O reino de Deus não será natural. Se todos os sábios de todos os tempos se reunissem para pensar no melhor governo possível não conseguiriam nem chegar à sombra da beleza e perfeição do que planeja Deus.

O reino de Deus nunca será implantado por esforço humano. Ele é GRAÇA. Não podemos fazer nada para acelerar sua vinda, nem revoluções, nem reformas. Apenas o poder do Altíssimo pode o fazer. É verdade que o reino vive no meio de nós, mas cresce sozinho como o fermento, estimulado pela mão omnipotente do Senhor.
Mesmo que hipoteticamente todos os homens do mundo abandonassem seus pecados, dividissem seus bens e abraçassem a fraternidade, isto ainda seria muito imperfeito, não realizaria plenamente o homem e ainda ficaria bem longe do Reino de Deus. O Reino de Deus é divino demais para ser uma utopia humana. Deus é mais que nosso planejamento econômico- político prosaico.

A solenidade de hoje nos lembra que nunca devemos dar ouvidos às promessas de "justiça" ou "partilha" ou "reformas" neste mundo. Neste ponto regredimos em relação ao homem medieval: o homem medieval era avançado demais para se iludir que a Cidade dos homens poderia querer rivalizar com o reino de Deus.
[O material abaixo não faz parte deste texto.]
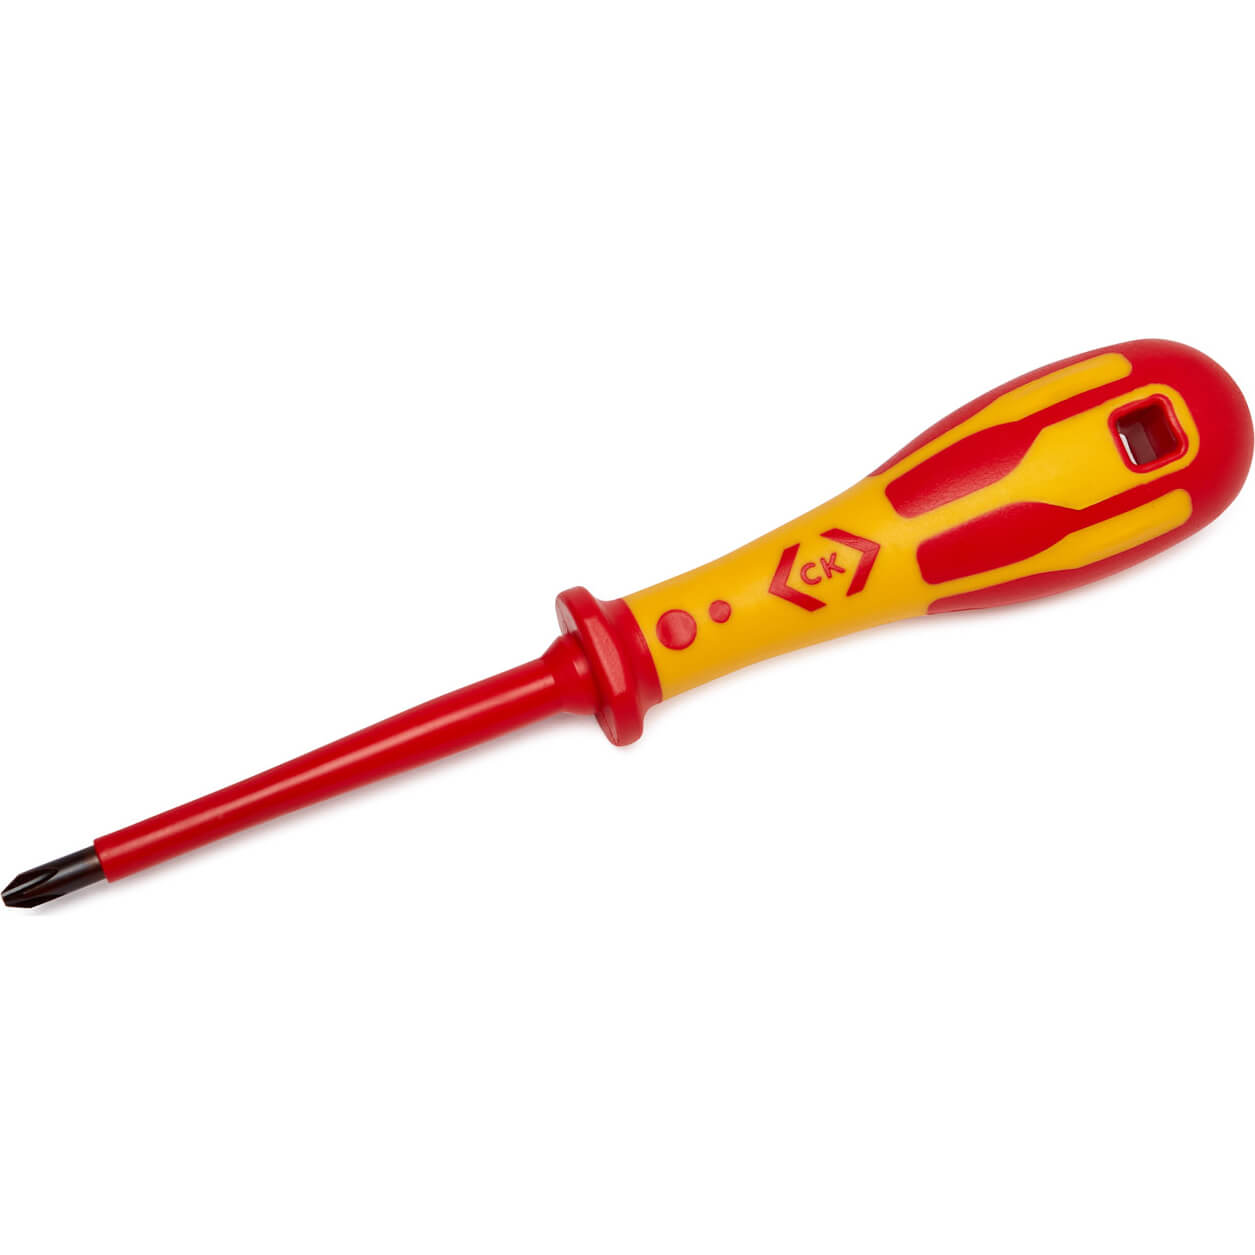 Image of CK Dextro VDE Insulated Phillips Screwdriver PH1 80mm

Não, Hegel, você estava redondamente enganado! A História não caminha para lugar algum! Ela está mais para o andar do bêbado caótico, que não sabe para que lado cai. A cidade dos homens é apenas caleidoscópio, são sombras mutantes de mosquitos numa parede, os reinos, e países, e revoluções, e governos são gotas de uma cachoeira, se separam do bojo da água para se desfazerem nas pedras lá embaixo. O Senhor da História é o Altíssimo, os homens entregues a si mesmos só produzem secreções, excrementos e degola mútua. 

É por isto que toda submissão à algum poder terreno que saia da esfera estritamente administrativa é idolatria. Governos são pactos sociais, nada além disto e nada sagrados. A César o que é de César e a Deus o que é de Deus. Nosso rei é Cristo. Os presidentes, reis e tiranos do mundo não passam de síndicos passageiros, de gerentes de período, de encarregados de turno. A realeza é apenas de Cristo.

Sempre serviremos a algum rei. Ou o reinado justo de Cristo ou a usurpadora Tirania de Satanás.

Mas nunca ficaremos sem senhores. 
Escolha o seu!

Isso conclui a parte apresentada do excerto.